Start of DATA SEGMENT

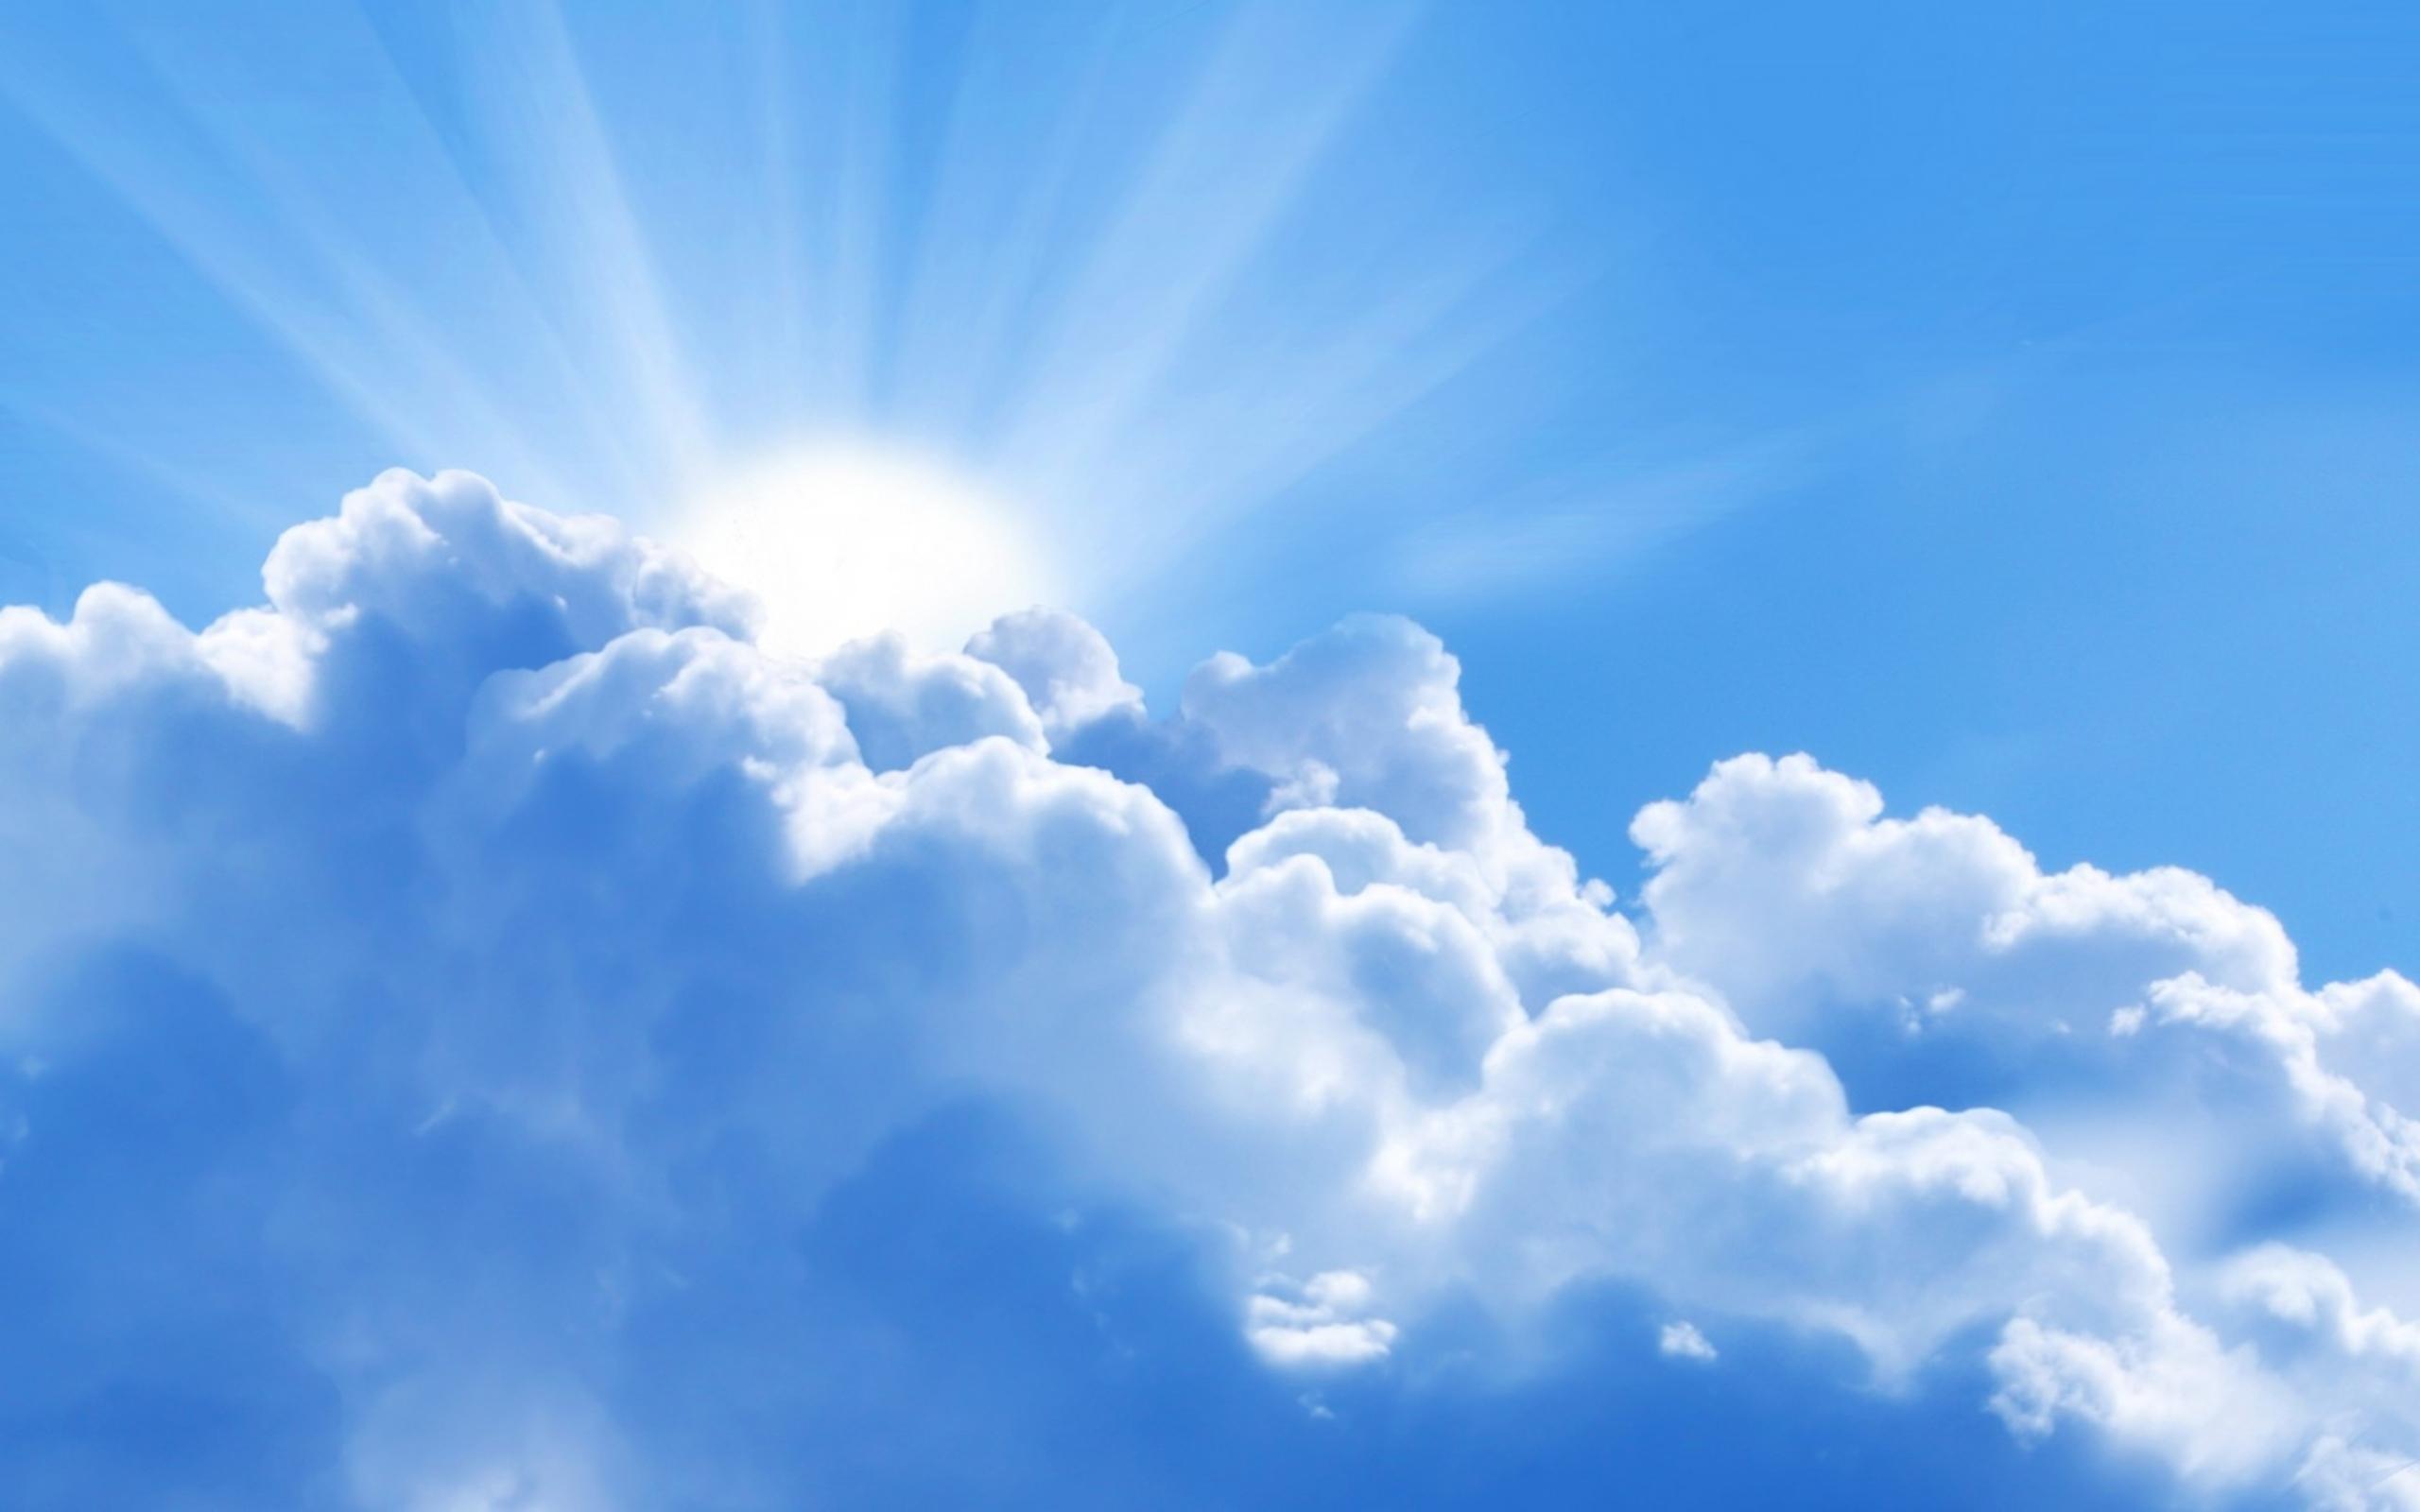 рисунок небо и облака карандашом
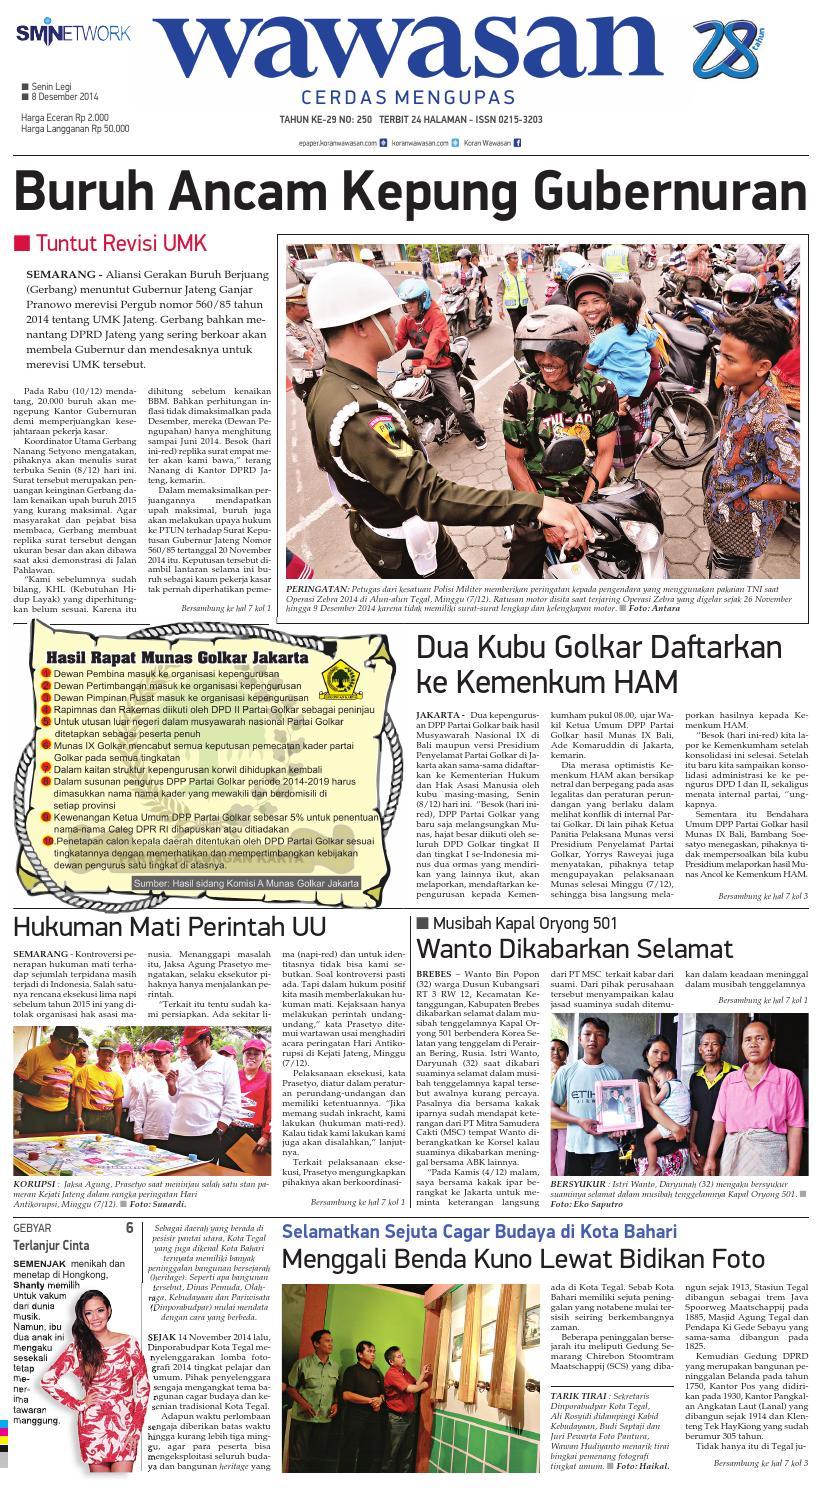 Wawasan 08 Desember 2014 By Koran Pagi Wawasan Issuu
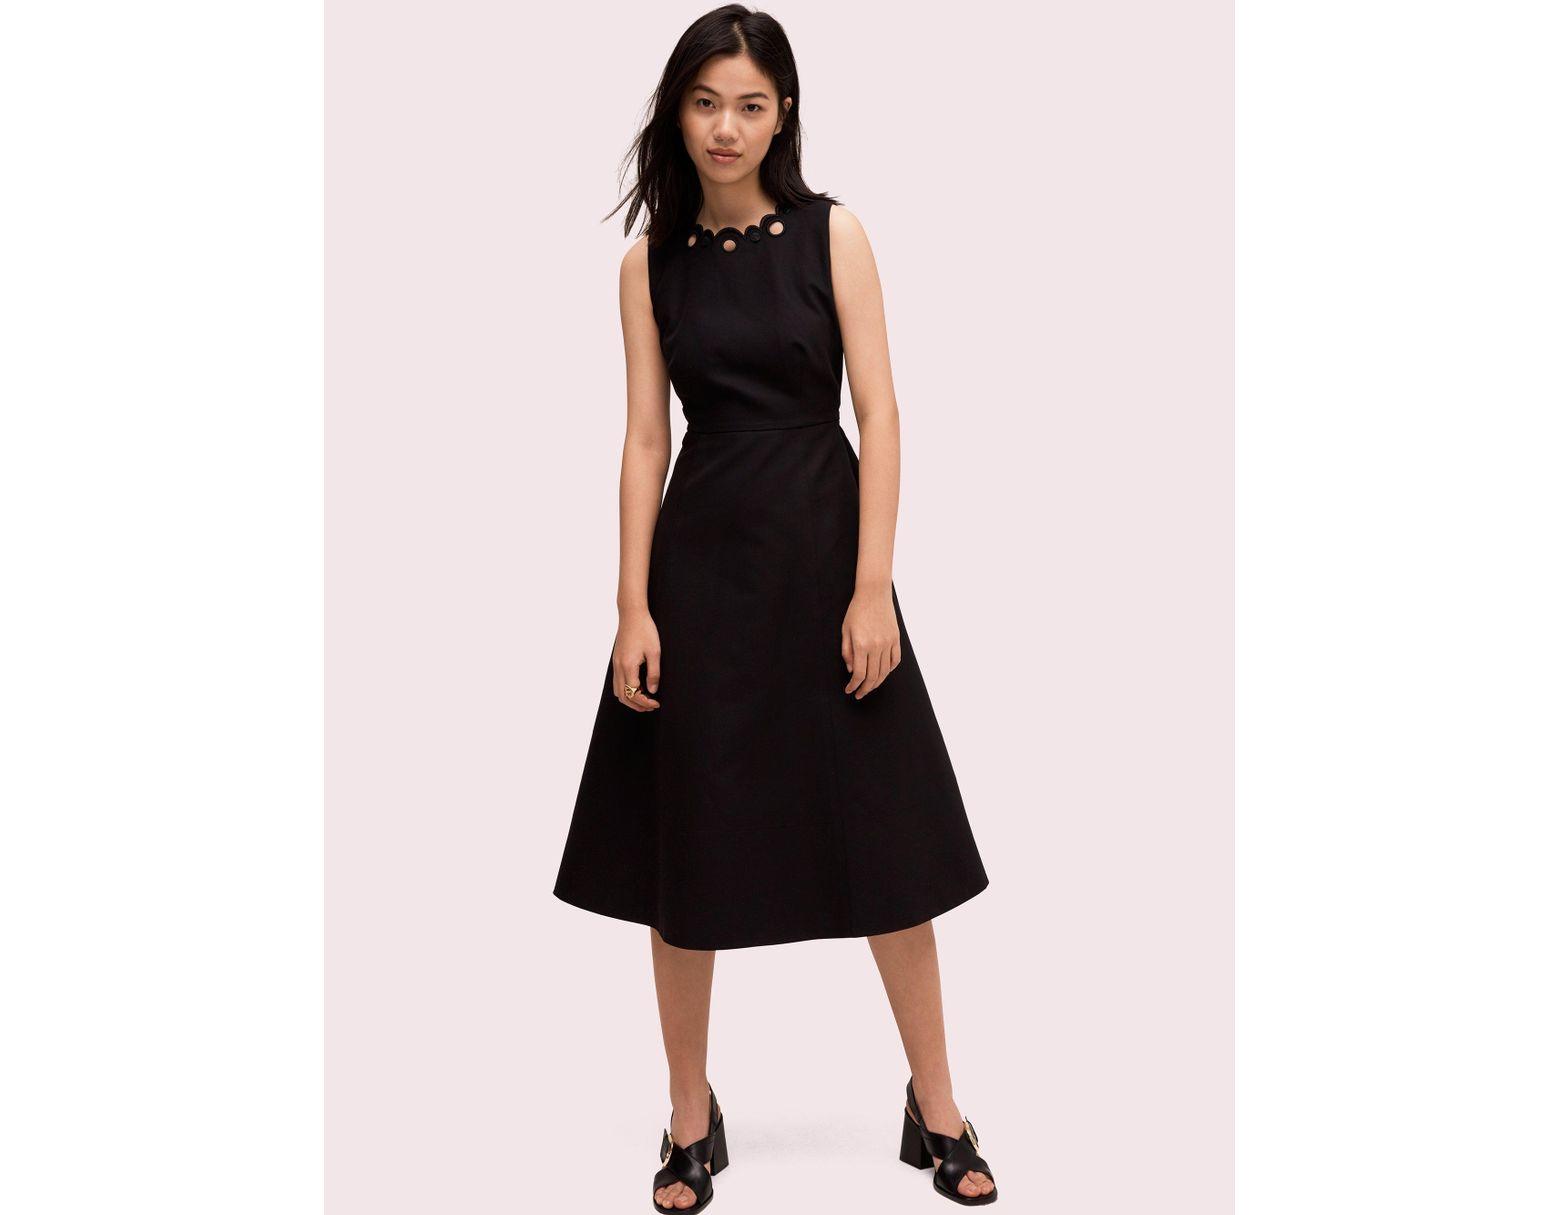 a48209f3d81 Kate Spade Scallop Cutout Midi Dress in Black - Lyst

End of DATA SEGMENT

Make an exact copy of the data, leaving its pictures out.

THE ANSWER -
 рисунок небо и облака карандашом
 Wawasan 08 Desember 2014 By Koran Pagi Wawasan Issuu
 a48209f3d81 Kate Spade Scallop Cutout Midi Dress in Black - Lyst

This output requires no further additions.